[Given information — start]

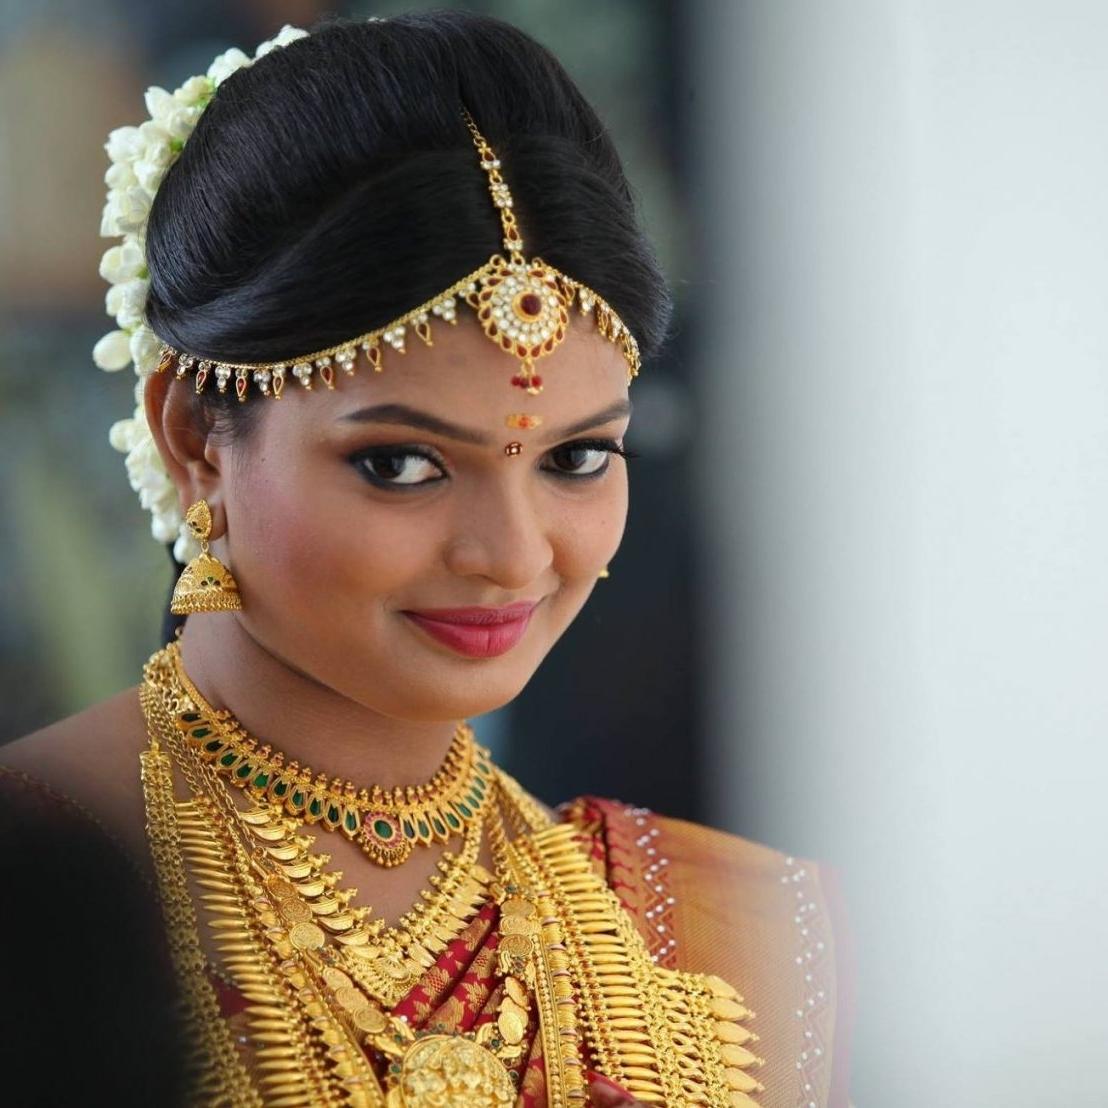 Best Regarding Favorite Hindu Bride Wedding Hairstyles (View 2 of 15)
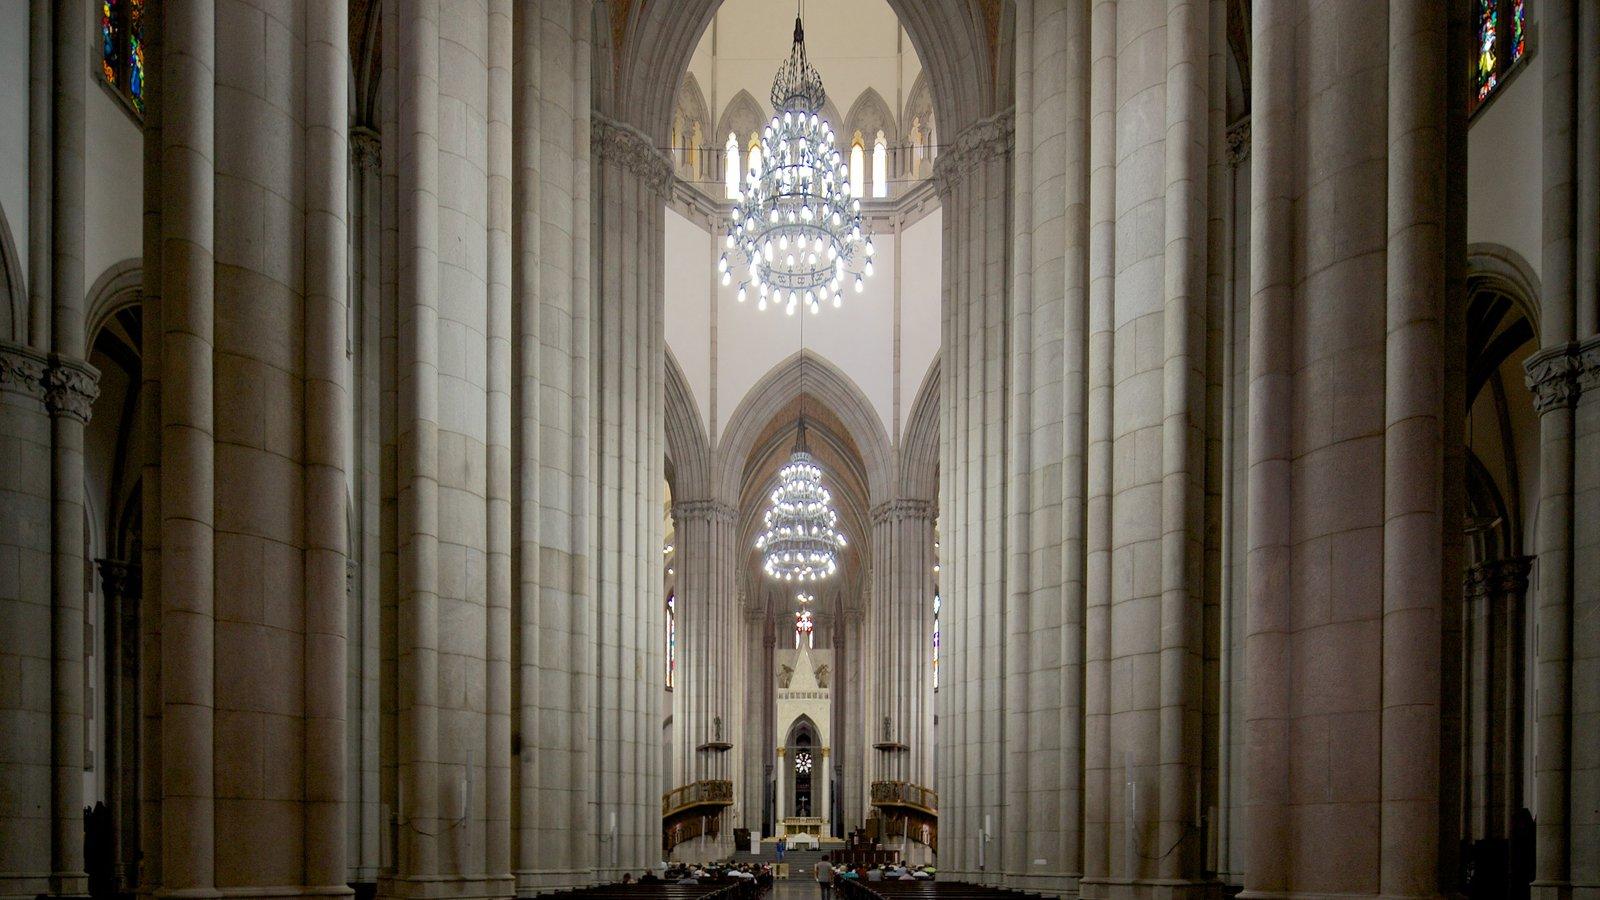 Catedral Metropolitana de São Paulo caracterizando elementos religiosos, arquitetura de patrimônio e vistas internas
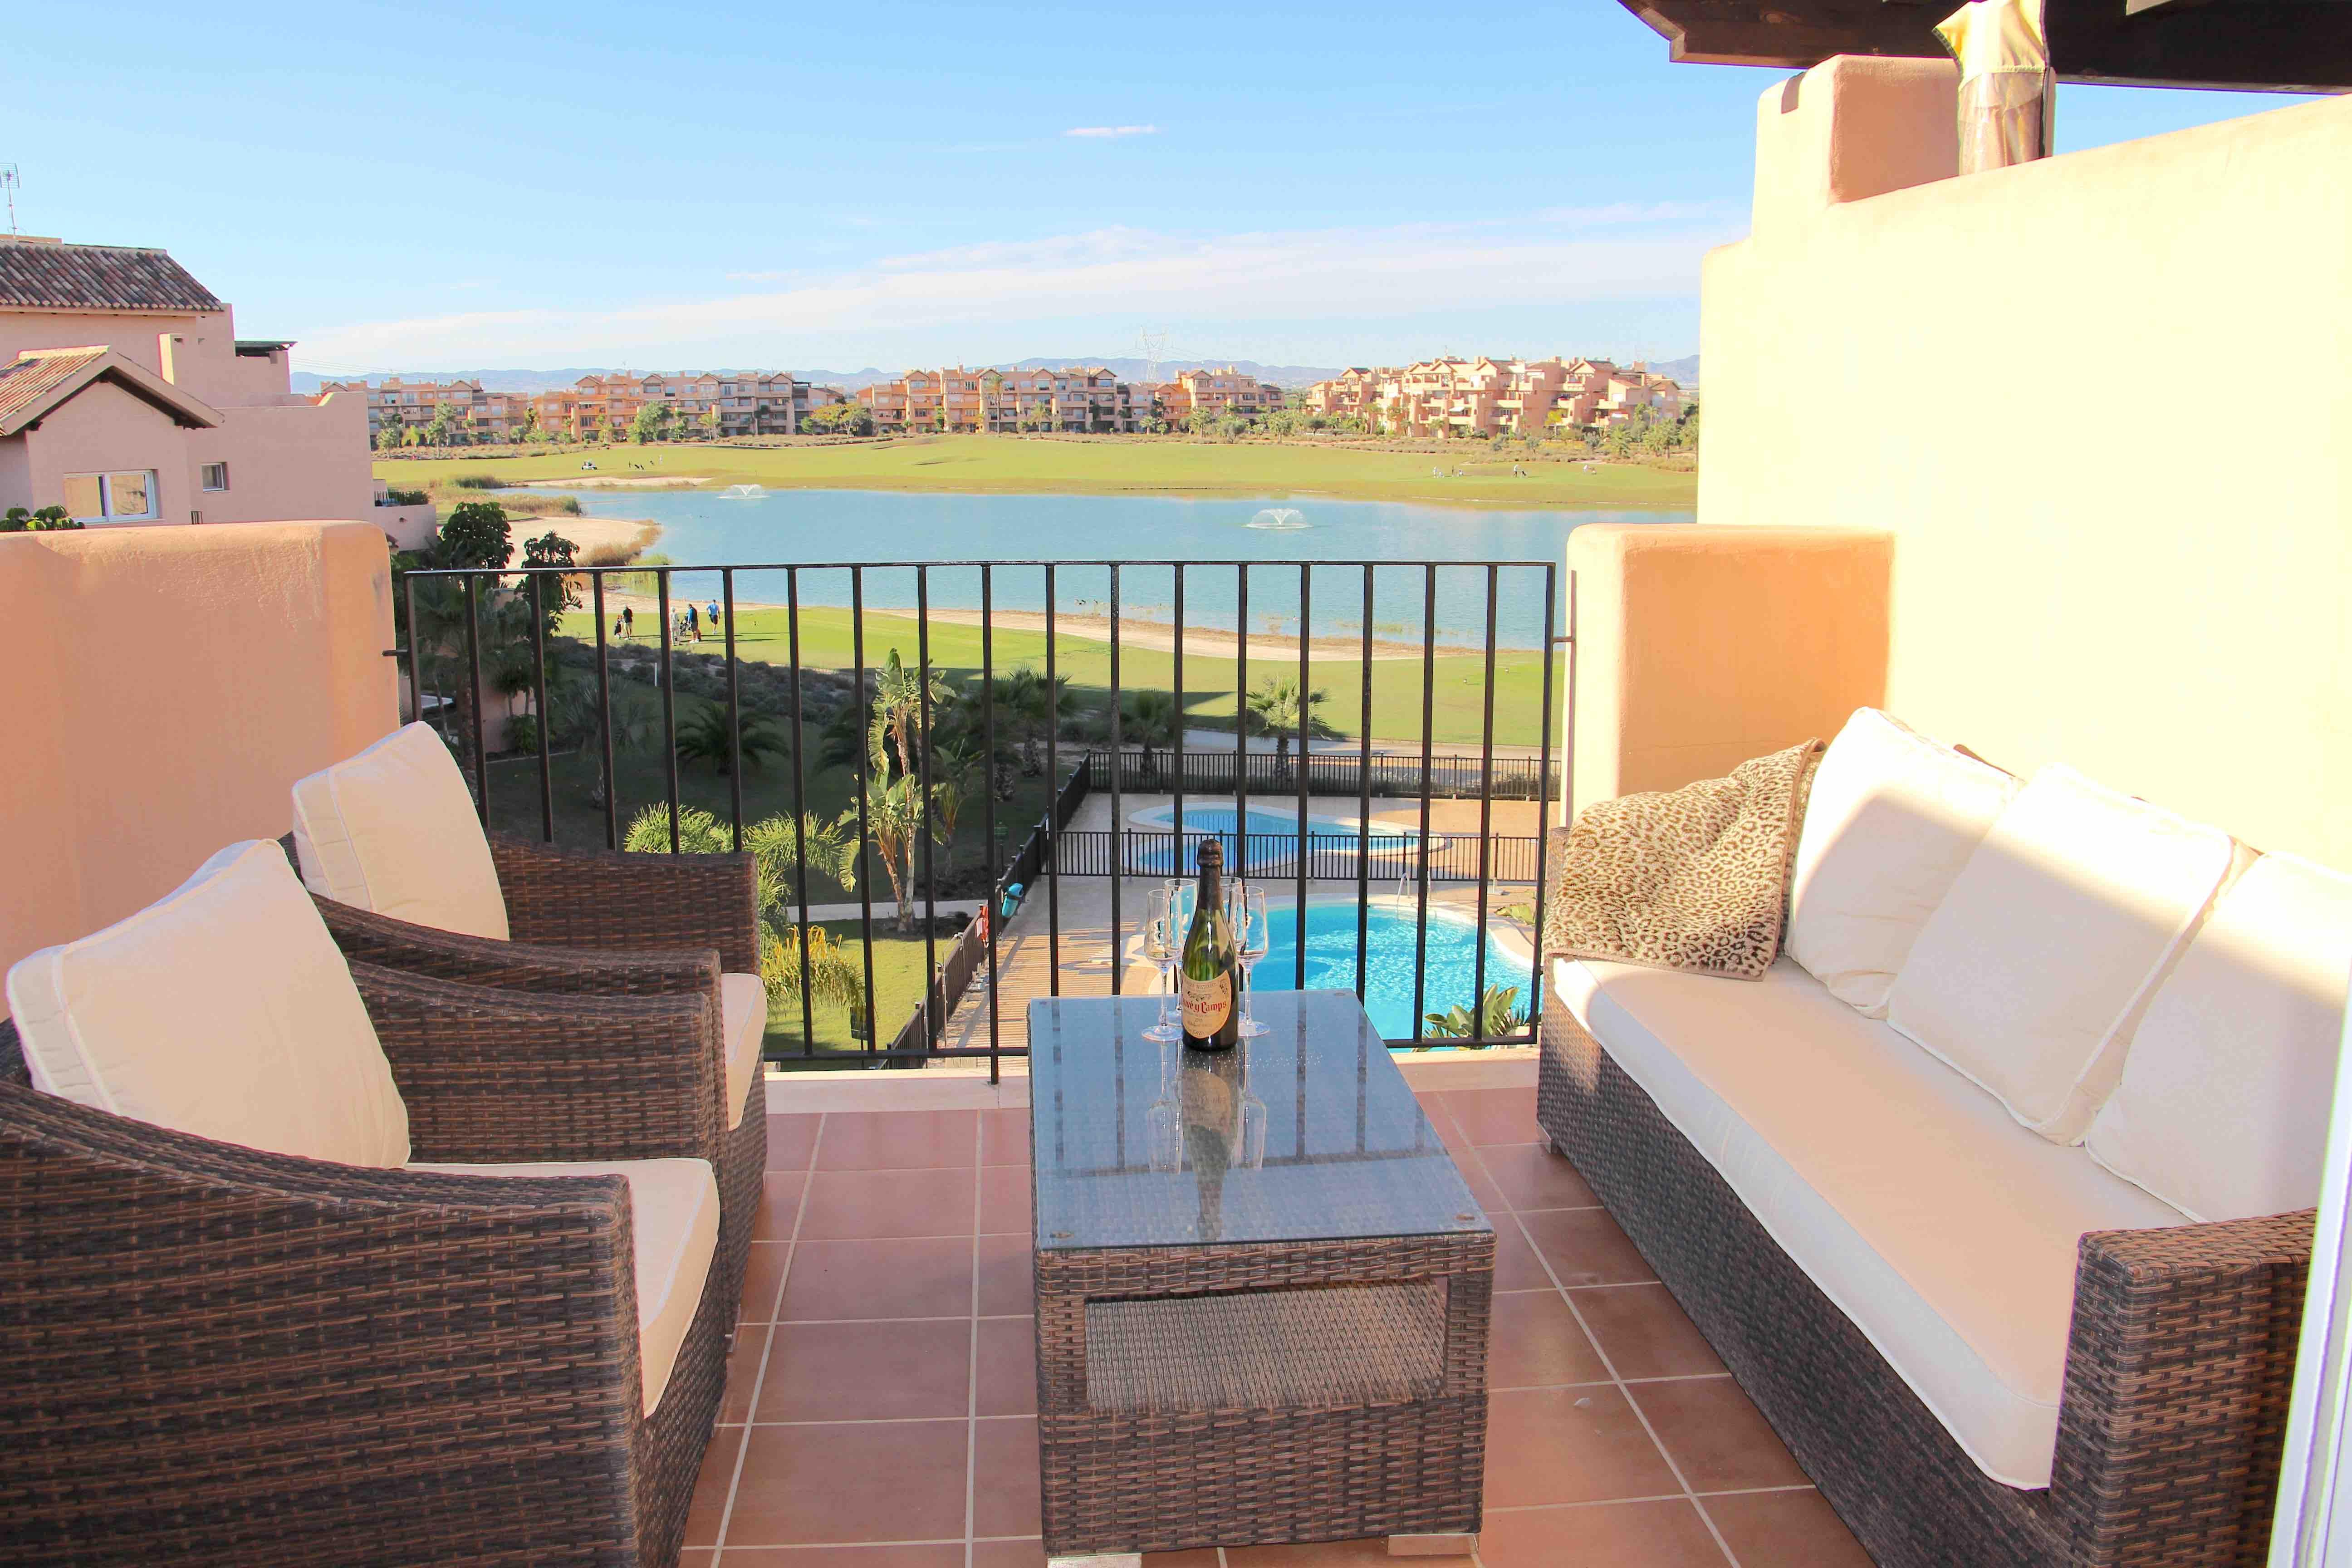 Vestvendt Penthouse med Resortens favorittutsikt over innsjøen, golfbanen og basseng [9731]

[Given information — finish]

*Task directions*
From the first line to the last, reproduce the listing above exactly, leaving the pictures out.

*Expected answer*
 Best Regarding Favorite Hindu Bride Wedding Hairstyles (View 2 of 15)
 Catedral Metropolitana de São Paulo caracterizando elementos religiosos, arquitetura de patrimônio e vistas internas
 Vestvendt Penthouse med Resortens favorittutsikt over innsjøen, golfbanen og basseng [9731]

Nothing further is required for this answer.